Ok, so starting at the begining:

I have set 2 - 3 days aside to do a full detail to consist of the following:

snow foam
wash (including wheels off and arches done)
clay
machine polish (I have the kit for hard paint)
sealant 
wax

so I guess the stage I need to add is the pre wax cleaner before the sealant and wax


----------



## gally (May 25, 2008)

Most definitely mate, will help get rid of any polishing residues left over aswell.

So really it's down to your own choice of Cleanser.

I can suggest LP on the basis that in another 4-6 months or less, if you want to enhance your paintwork, fire some LP on a pad, I use blue/yellow 3M pads.

And after a wipe down it'll be good to go with a sealent/wax again.


----------



## Beemer 330 (Oct 8, 2010)

excellent, one order of lime prime going in.

just while we are on the subject what do people think of Dodo juice purple haze?

I have diamond white and skull candy so was looking to go for a soft wax to add a bit of wetness to the look?


----------



## Juicy Jen (May 4, 2010)

You'll probably find that PH will give silver (hope its silver by your avatar) that it will give it a slightly different colour making it a little darker.

Soft wax might not last too long over winter months either....just a thought for you


----------



## gally (May 25, 2008)

To be honest I wouldn't look to Dodo for my winter wax but I love Purple Haze, I think it lasts a lot longer than people give it credit for and Dodo beading is easily my favourite.

Mines is wearing Glasur but i'm actually looking forward to getting a coat of purple haze on it. If you would like i'll send you my panel pot for a try of it and the little SN finger applicator that I use with it. So easy to use.

I actually think it would last the winter on the bonnet and high up the side but wouldn't withstand on the lower panels.


----------



## Beemer 330 (Oct 8, 2010)

Juicy Jen said:


> You'll probably find that PH will give silver (hope its silver by your avatar) that it will give it a slightly different colour making it a little darker.
> 
> Soft wax might not last too long over winter months either....just a thought for you


I was thinking of layering the hard wax down and then a layer of the soft wax on top (after buffing obviously)


----------



## gally (May 25, 2008)

What waxes have you got access to mate?


----------



## Boothy (Aug 19, 2010)

gally said:


> Well...
> 
> Lime prime/Lime prime lite can also be used by hand but my new favourite (used on my car and 2 others) is Lusso Revitalising Creme (See Dave KG's review). It seems to add something to the finish before the LSP is applied and I now wouldn't be without it.

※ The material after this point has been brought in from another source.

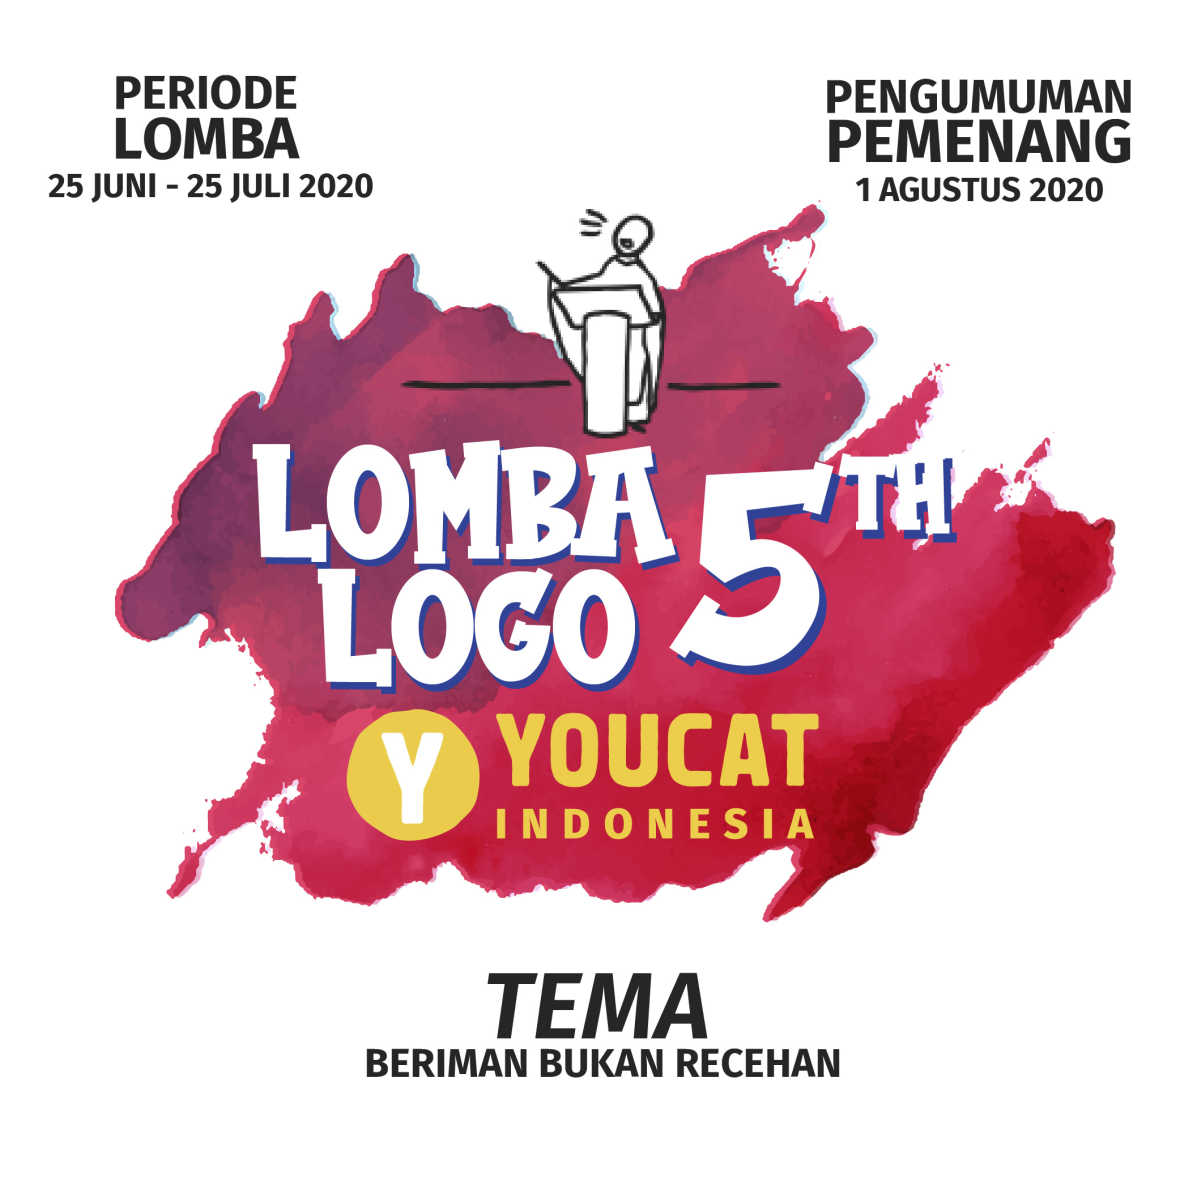 LOMBA LOGO 5 TAHUN YOUCAT INDONESIA

Would you just use a wax straight after the Lusso Creme and do you have a link to the review at all?


----------



## Beemer 330 (Oct 8, 2010)

gally said:


> To be honest I wouldn't look to Dodo for my winter wax but I love Purple Haze, I think it lasts a lot longer than people give it credit for and Dodo beading is easily my favourite.
> 
> Mines is wearing Glasur but i'm actually looking forward to getting a coat of purple haze on it. If you would like i'll send you my panel pot for a try of it and the little SN finger applicator that I use with it. So easy to use.
> 
> I actually think it would last the winter on the bonnet and high up the side but wouldn't withstand on the lower panels.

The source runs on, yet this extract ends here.